WASHINGTON: The Statewide temperatures in Washington for the month of January were above normal to slightly below normal throughout the State. In western Washington, crops were doing fine. In Jefferson County, heavy flooding from rain continued in some lower agricultural valleys. In San Juan County, livestock were on retained feed. Some farms were pruning berries and kiwifruit vines. In Snohomish County, there was virtually no fieldwork due to the saturated soils. There was no major flooding, but just enough rain to keep places very wet. Cane tying and blueberry pruning was taking place where possible. Greenhouses were starting up with early cool crops, along with some tomatoes. In central Washington, there was little activity in the fields and orchards as a dusting of snow covered the ground in most areas. Tree and vine pruning and training occurred. Pruning focused on the more cold-tolerant apples and pears. No damage was reported for the perennial crops. Northeast Washington had snow followed by rain and high winds. The wind created damage to some tree crops, particularly in forests. The rain and wind melted snow on low elevation fields. High elevation snow pack was good. In east central Washington, crop conditions were normal and calving was starting. The winter had been mild with good moisture, but unseasonably warm conditions. These conditions were good for winter wheat growth and development. In southeast Washington, winter wheat was up and growing and soil moisture was good. Seeded crops remained stable due to cold temperatures.

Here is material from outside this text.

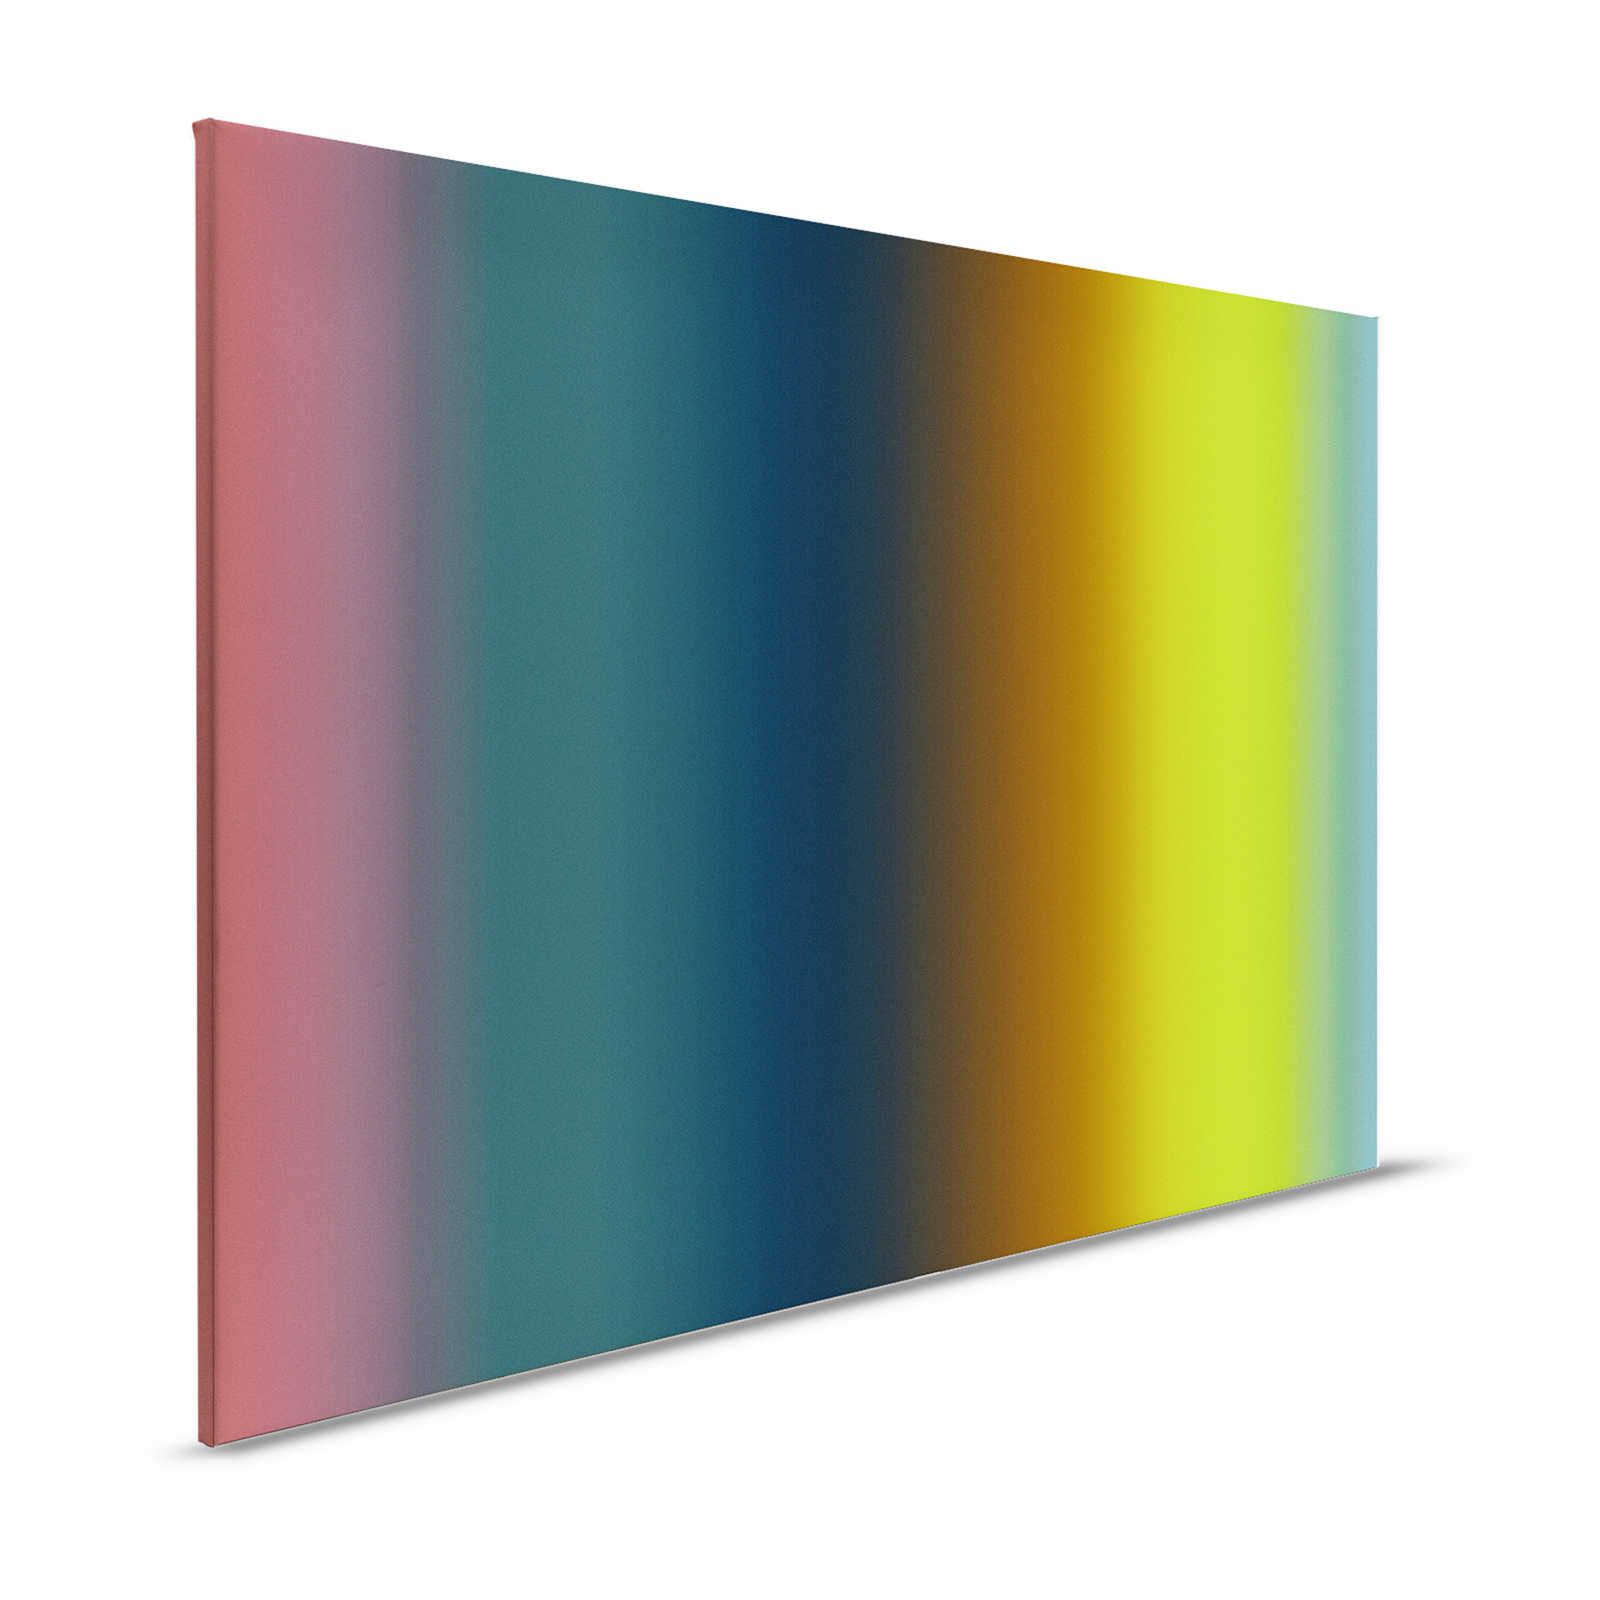 Over the Rainbow 1 - Canvas painting colour spectrum rainbow modern - 1,20 m x 0,80 m

WYOMING: This report for Wyoming is for the entire month of January 2021. Topsoil moisture 47% very short, 43% short, 10% adequate. Subsoil moisture 56% very short, 32% short, 12% adequate. Winter wheat condition 4% very poor, 15% poor, 61% fair, 16% good, 4% excellent. Calving progress 5% cows calved. Sheep and lamb progress 3% ewes lambed. Hay and roughage supplies 22% very short, 22% short, 55% adequate, 1% surplus. Livestock condition 6% poor, 29% fair, 64% good, 1% excellent. Stock water supplies 18% very short, 20% short, 61% adequate, 1% surplus. Pasture and range condition 33% very poor, 27% poor, 30% fair, 9% good, 1% excellent. January brought little change to Wyoming’s drought conditions. Precipitation for January was limited. There were multiple reports of dry, windy conditions and little snowfall and comments indicated concern for the coming year. Reports out of Albany County noted calving and lambing is just starting. According to the United States Drought Monitor for January 21, 2021, the amount of land rated as abnormally dry was 6.9 percent, down from 8.3 percent last month. Moderate drought was present across 34.5 percent of the State, an increase from 33.2 percent last month. Severe drought covered 28.6 percent of the State, compared to 28.4 percent last month. Extreme drought conditions covered 25.4 percent of the State and exceptional drought conditions covered 0.4 percent, unchanged from last month’s percentages.